In the entries below, begin at the line that has "Stone Blue Barmy" and stop after the line that has "Kebab and mushrooms"; output those lines exactly, leaving out pictures.

**Records provided**
┄┄┄┄┄┄┄┄┄┄┄┄┄┄┄┄┄┄┄┄

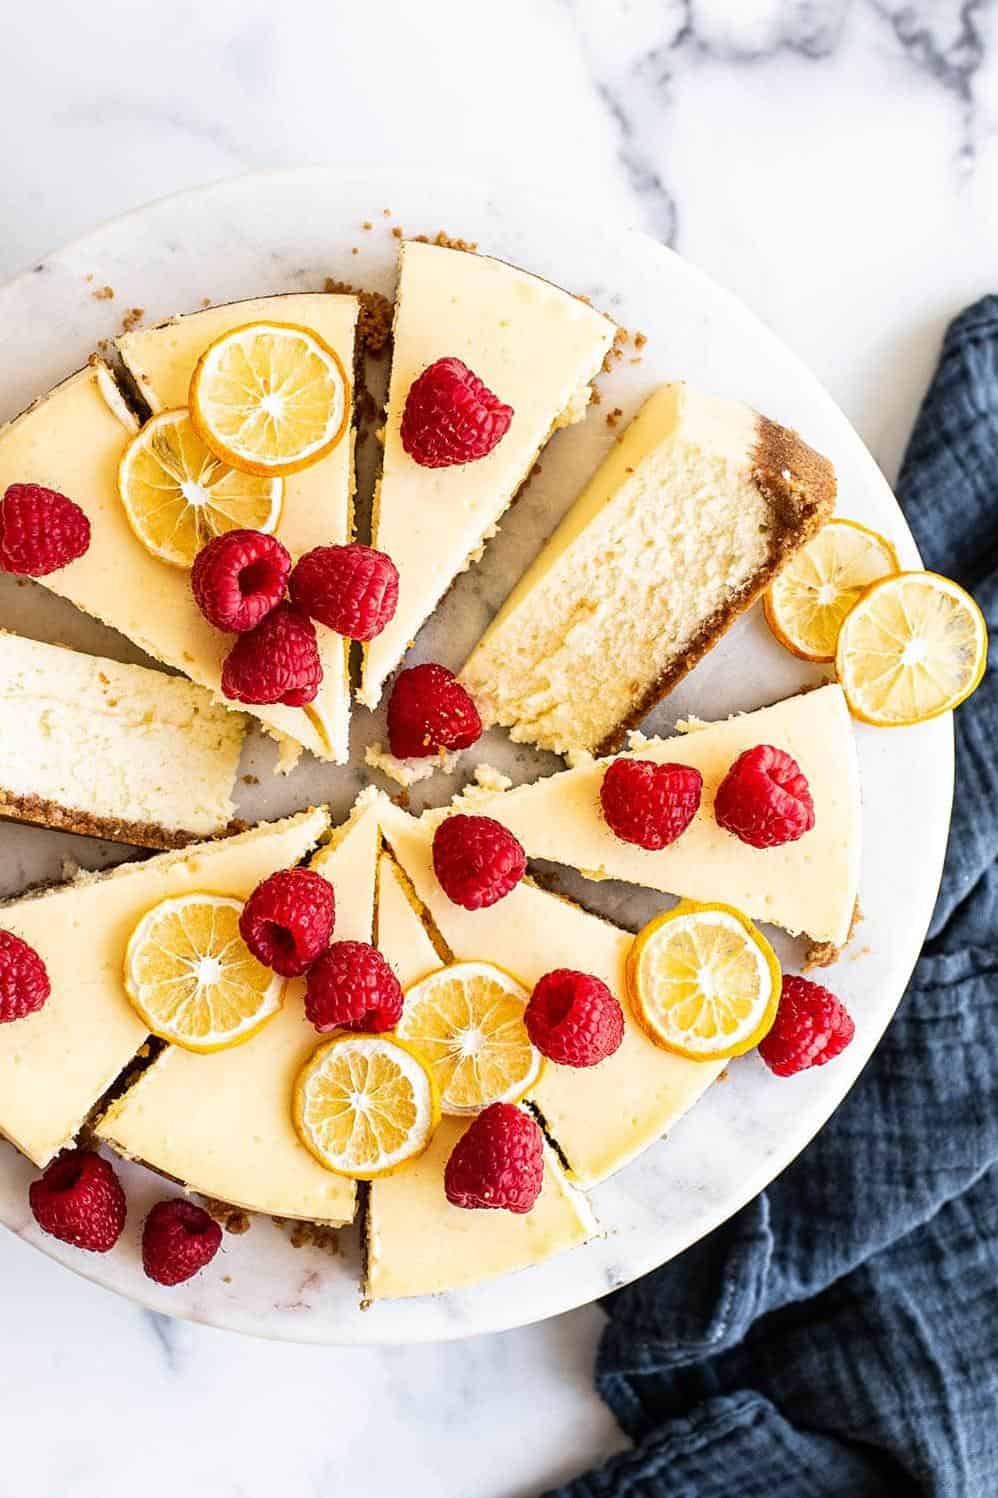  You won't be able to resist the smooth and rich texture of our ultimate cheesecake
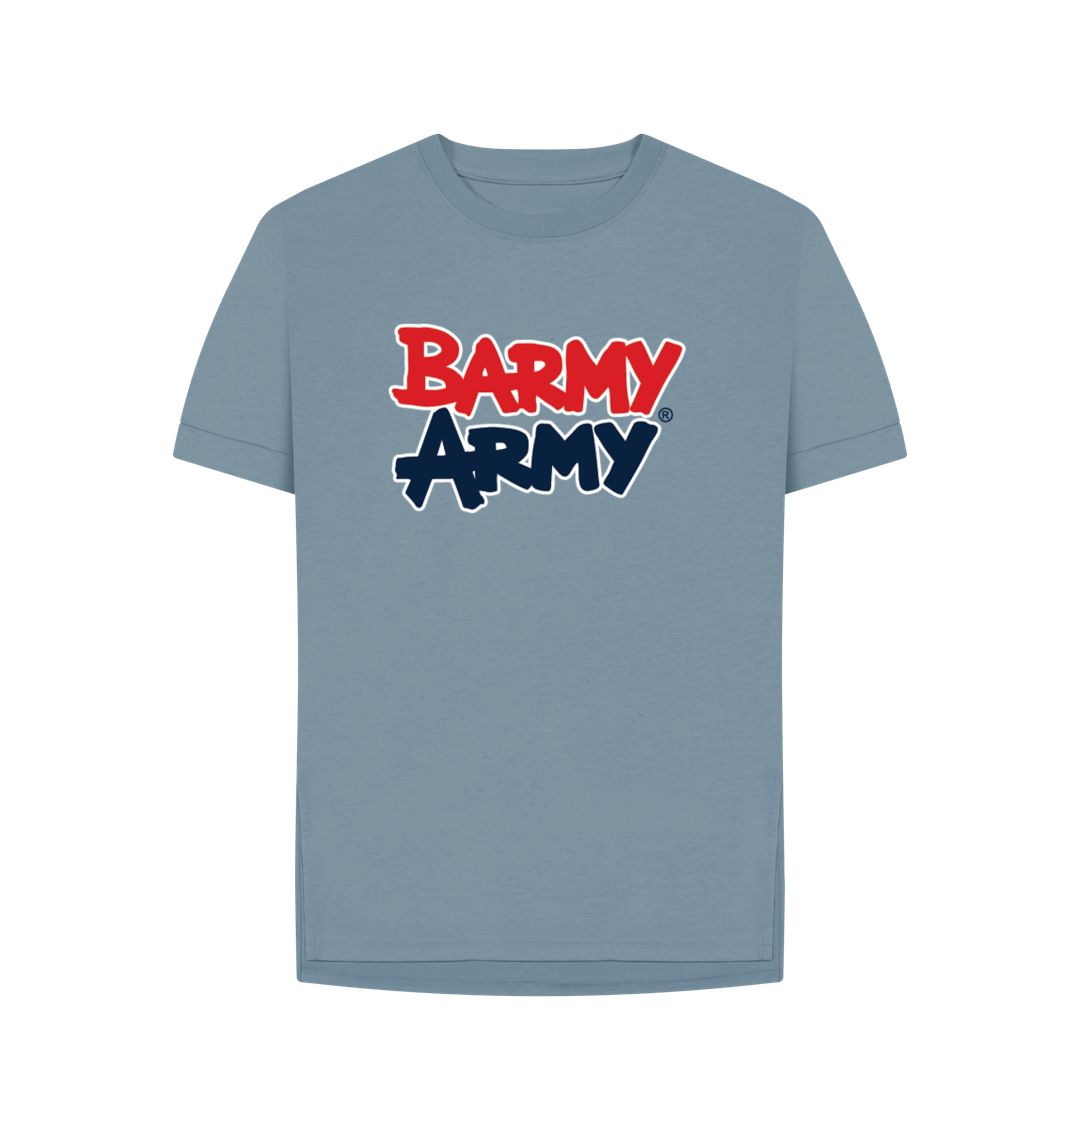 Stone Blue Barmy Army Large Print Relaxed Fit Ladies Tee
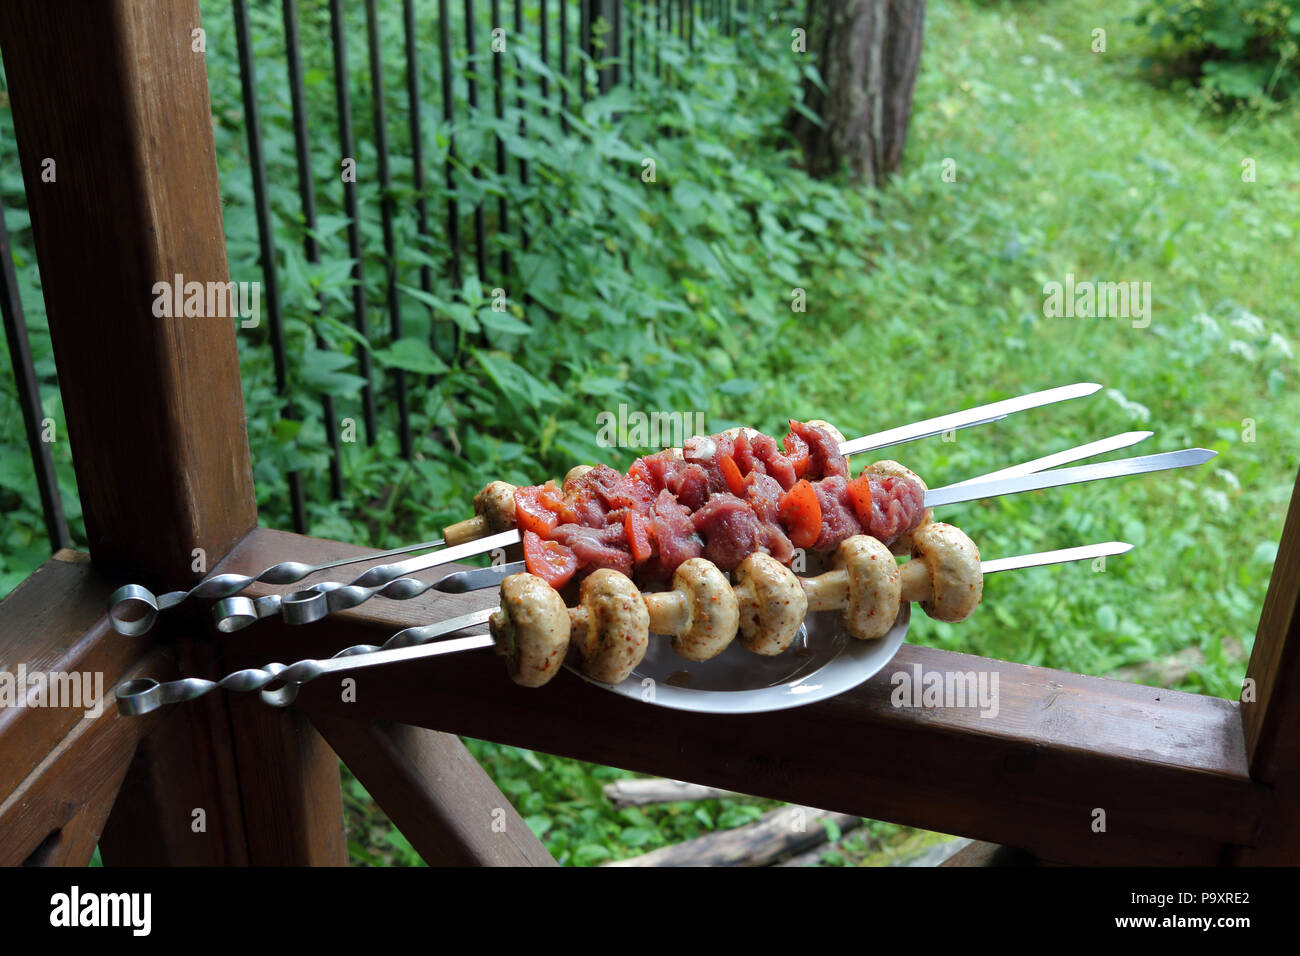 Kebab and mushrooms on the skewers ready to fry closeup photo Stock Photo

┄┄┄┄┄┄┄┄┄┄┄┄┄┄┄┄┄┄┄┄

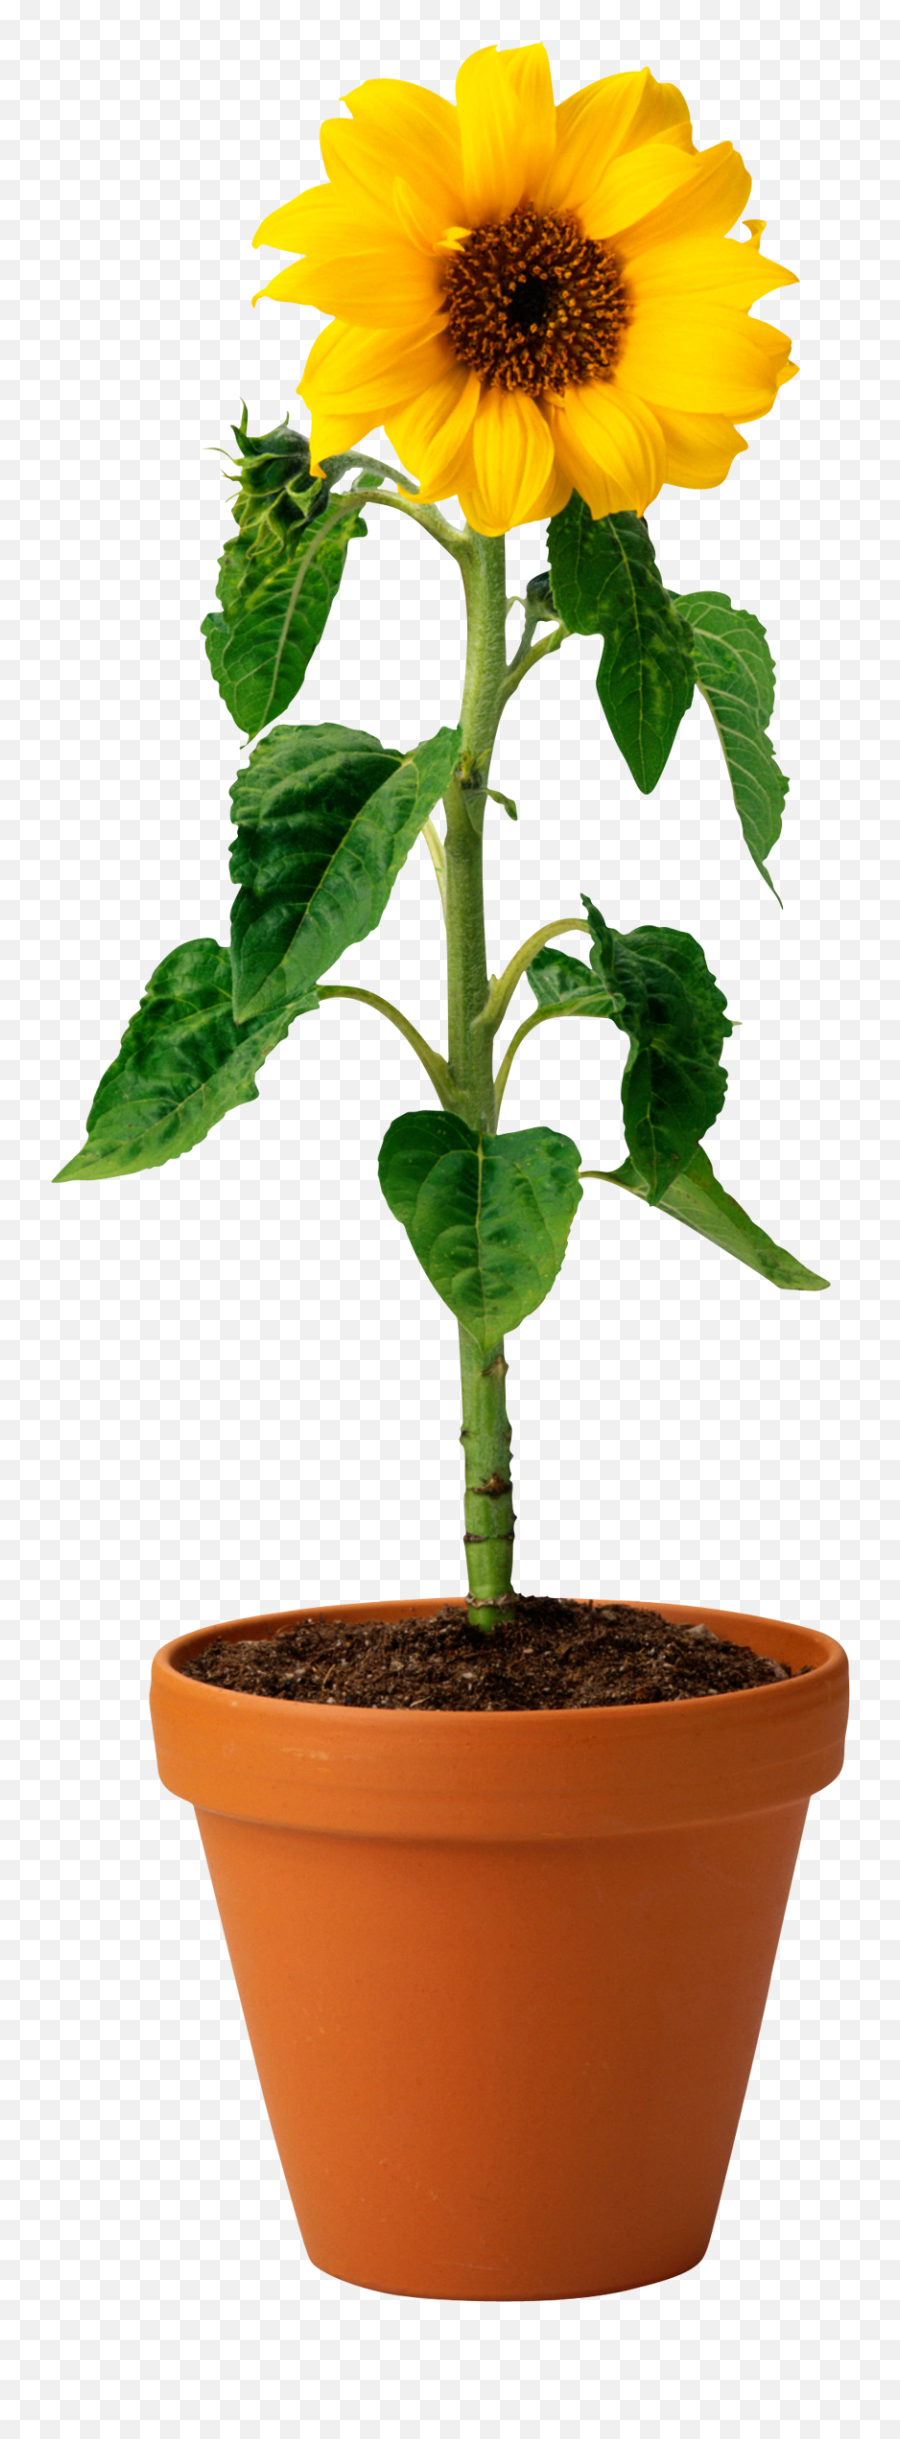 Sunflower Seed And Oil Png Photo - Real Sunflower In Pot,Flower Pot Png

┄┄┄┄┄┄┄┄┄┄┄┄┄┄┄┄┄┄┄┄

**Solution to the exercise**
 Stone Blue Barmy Army Large Print Relaxed Fit Ladies Tee
 Kebab and mushrooms on the skewers ready to fry closeup photo Stock Photo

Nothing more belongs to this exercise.